We can also perform test of Kaplan-Meier curves.

counts_stratified = 
    counts_SE_survival |>

    # Test
    test_stratification_cellularity(
        survival::Surv(days, dead) ~ .,
        sample, transcript, count
    )

counts_stratified
## # A tibble: 22 × 6
##    .cell_type                       cell_type_proportions .low_cellularity_exp…¹
##    <chr>                            <list>                                 <dbl>
##  1 cibersort.B.cells.naive          <tibble [48 × 9]>                       9.41
##  2 cibersort.B.cells.memory         <tibble [48 × 9]>                      10.5 
##  3 cibersort.Plasma.cells           <tibble [48 × 9]>                      12.5 
##  4 cibersort.T.cells.CD8            <tibble [48 × 9]>                      11.0 
##  5 cibersort.T.cells.CD4.naive      <tibble [48 × 9]>                       8.40
##  6 cibersort.T.cells.CD4.memory.re… <tibble [48 × 9]>                       9.09
##  7 cibersort.T.cells.CD4.memory.ac… <tibble [48 × 9]>                      11.2 
##  8 cibersort.T.cells.follicular.he… <tibble [48 × 9]>                      13.7 
##  9 cibersort.T.cells.regulatory..T… <tibble [48 × 9]>                       8.16
## 10 cibersort.T.cells.gamma.delta    <tibble [48 × 9]>                      14.8 
## # ℹ 12 more rows
## # ℹ abbreviated name: ¹​.low_cellularity_expected
## # ℹ 3 more variables: .high_cellularity_expected <dbl>, pvalue <dbl>,
## #   plot <list>

Plot Kaplan-Meier curves

counts_stratified$plot[[1]]

Cluster samples

We may want to cluster our data (e.g., using k-means sample-wise). cluster_elements takes as arguments a tibble, column names (as symbols; for sample, transcript and count) and returns a tibble with additional columns for the cluster annotation. At the moment only k-means clustering is supported, the plan is to introduce more clustering methods.

k-means

TidyTranscriptomics

counts_SE.norm.cluster = counts_SE.norm.MDS |>
  cluster_elements(method="kmeans", centers = 2, action="get" )

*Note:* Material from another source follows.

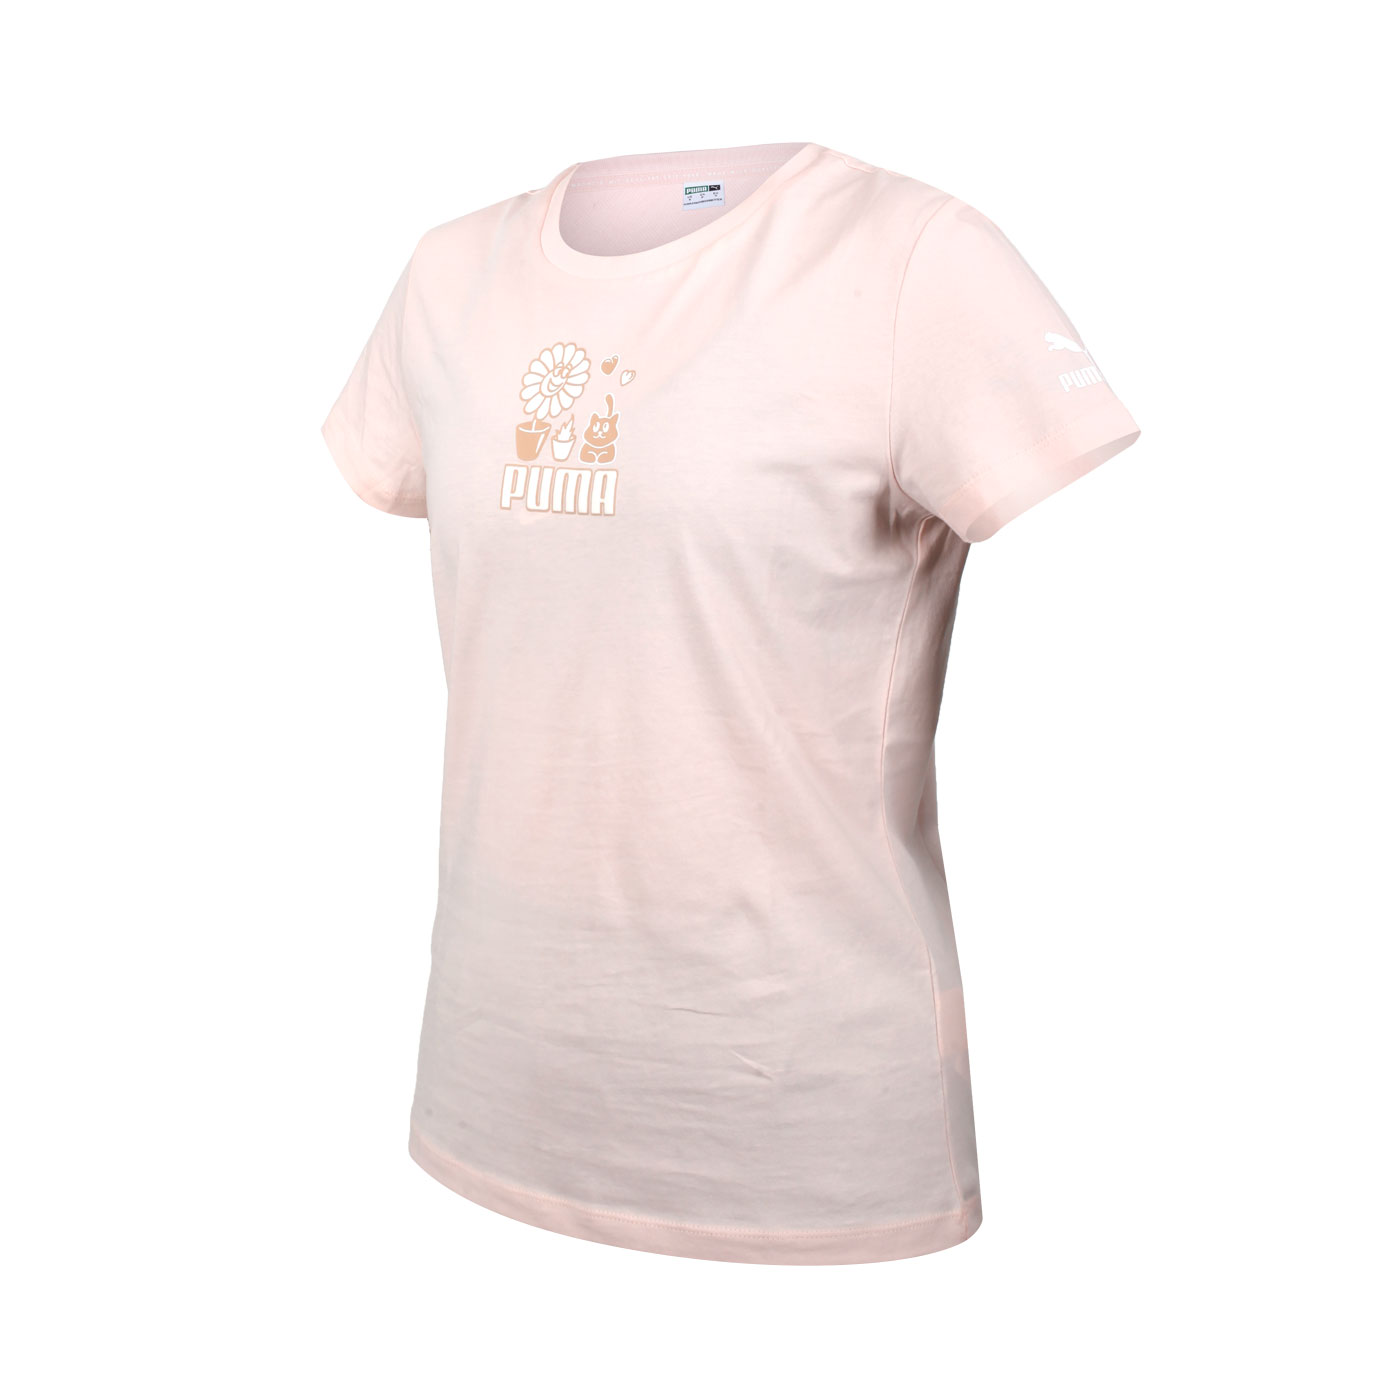 PUMA 女款短袖T恤 53255227 - 粉橘白

Standard procedure (comparative purpose)

count_m_log = log(count_m + 1)

k = kmeans(count_m_log, iter.max = 1000, ...)
cluster = k$cluster

cluster$cell_type = tibble_counts[
    match(tibble_counts$sample, rownames(cluster)),
    c("Cell.type", "Dim1", "Dim2")
]

We can add cluster annotation to the MDS dimension reduced data set and plot.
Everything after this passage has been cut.